As there is no good way to declared version ranges in the OpenVEX specification, Erlang/OTP prefers to opt for verbosity and conciseness rather than a loose format. As an example, CVE-2023-48795
is at the moment written as follows,
which mentions all OTP release versions affected as well as the applications versions.
{
"vulnerability": {
"name": "CVE-2023-48795"
},
"timestamp": "2025-06-18T12:18:04.385308178+02:00",
"products": [
{
"@id": "pkg:otp/erlang@26.2"
},
{
"@id": "pkg:otp/erlang@26.2.2"
},
{
"@id": "pkg:otp/erlang@26.2.3"
},
{
"@id": "pkg:otp/erlang@26.2.4"
},
{
"@id": "pkg:otp/erlang@26.2.5"
},
{
"@id": "pkg:otp/erlang@26.2.5.1"
},
{
"@id": "pkg:otp/erlang@26.2.5.2"
},
{
"@id": "pkg:otp/erlang@26.2.5.3"
},
{
"@id": "pkg:otp/erlang@26.2.5.4"
},
{
"@id": "pkg:otp/erlang@26.2.5.5"
},
{
"@id": "pkg:otp/erlang@26.2.5.6"
},
{
"@id": "pkg:otp/erlang@26.2.5.7"
},
{
"@id": "pkg:otp/erlang@26.2.5.8"
},
{
"@id": "pkg:otp/erlang@26.2.5.9"
},
{
"@id": "pkg:otp/erlang@26.2.5.10"
},
{
"@id": "pkg:otp/erlang@26.2.5.11"
},
{
"@id": "pkg:otp/erlang@26.2.5.12"
},
{
"@id": "pkg:otp/erlang@26.2.5.13"
},
{
"@id": "pkg:otp/ssh@5.1"
},
{
"@id": "pkg:otp/ssh@5.1.2"
},
{
"@id": "pkg:otp/ssh@5.1.3"
},
{
"@id": "pkg:otp/ssh@5.1.4"
},
{
"@id": "pkg:otp/ssh@5.1.4.1"
},
{
"@id": "pkg:otp/ssh@5.1.4.2"
},
{
"@id": "pkg:otp/ssh@5.1.4.3"
},
{
"@id": "pkg:otp/ssh@5.1.4.4"
},
{
"@id": "pkg:otp/ssh@5.1.4.5"
},
{
"@id": "pkg:otp/ssh@5.1.4.6"
},
{
"@id": "pkg:otp/ssh@5.1.4.7"
},
{
"@id": "pkg:otp/ssh@5.1.4.8"
},
{
"@id": "pkg:otp/ssh@5.1.4.9"
},
{
"@id": "pkg:otp/ssh@5.1.4.10"
}
],
"status": "affected",
"action_statement": "Mitigation: If strict KEX availability cannot be ensured on both connection sides, affected encryption modes(CHACHA and CBC) can be disabled with standard ssh configuration. This will provide protection against vulnerability, but at a cost of affecting interoperability",
"action_statement_timestamp": "2025-06-18T12:18:04.385308178+02:00"
},
Scope of OpenVEX
It is important to understand that any claims that Erlang/OTP makes in OpenVEX refers to the actual source code included in OTP. For example, Erlang/OTP can claim to not be vulnerable to some openssl
CVE because the openssl
code that OTP vendors are not vulnerable. However, one can build OTP linking to openssl
and be affected such CVE. The claims in the OpenVEX files are only related to Erlang/OTP source code
Erlang/OTP will do a new announcement once we have finished this testing phase.
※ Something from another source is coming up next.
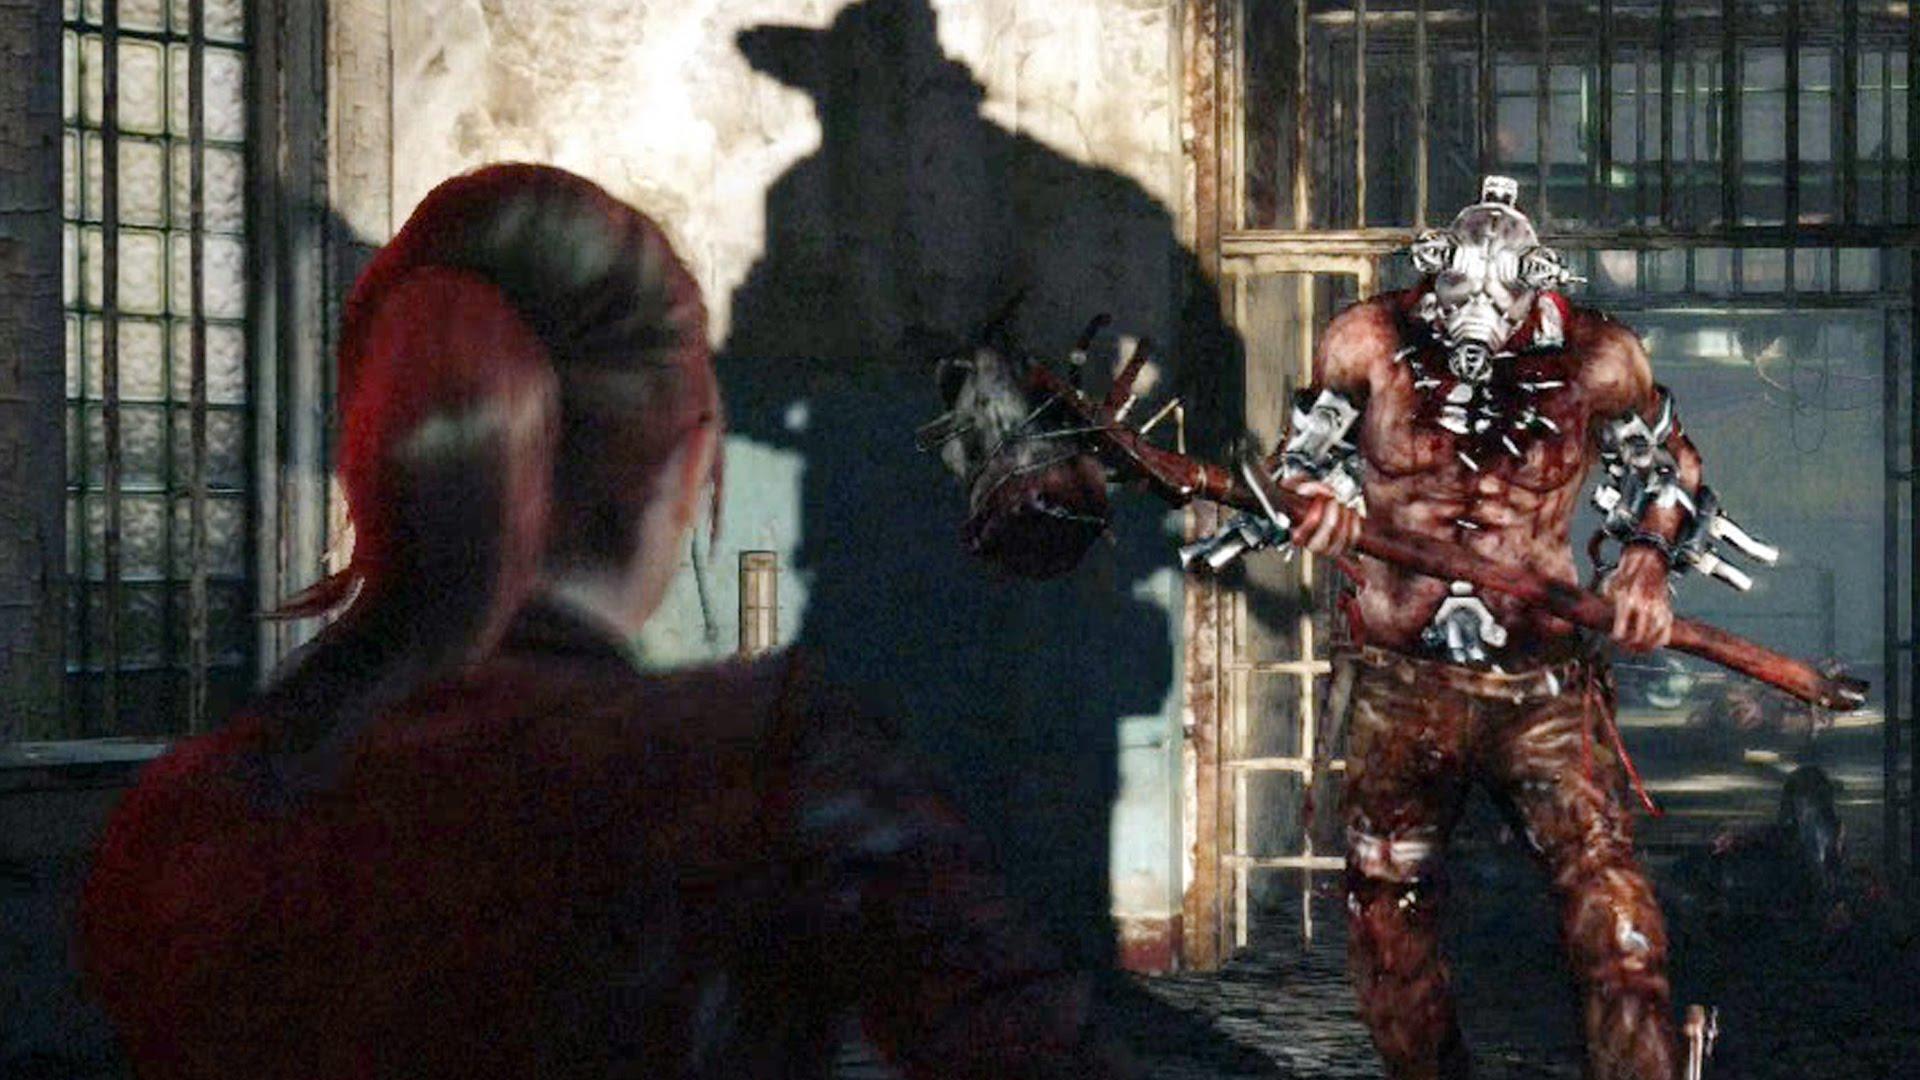 Free Download Resident Evil Revelations 2 Wallpaper 12 1920x1080

Why is this important to me?
-
You do not need to act on this.
-
This announcement is important if you use vulnerability scanning tools on your software.
OpenVEX statements allows you to filter out false positives, and check if your Erlang/OTP is vulnerable (since we are reporting also vulnerabilities in these statements).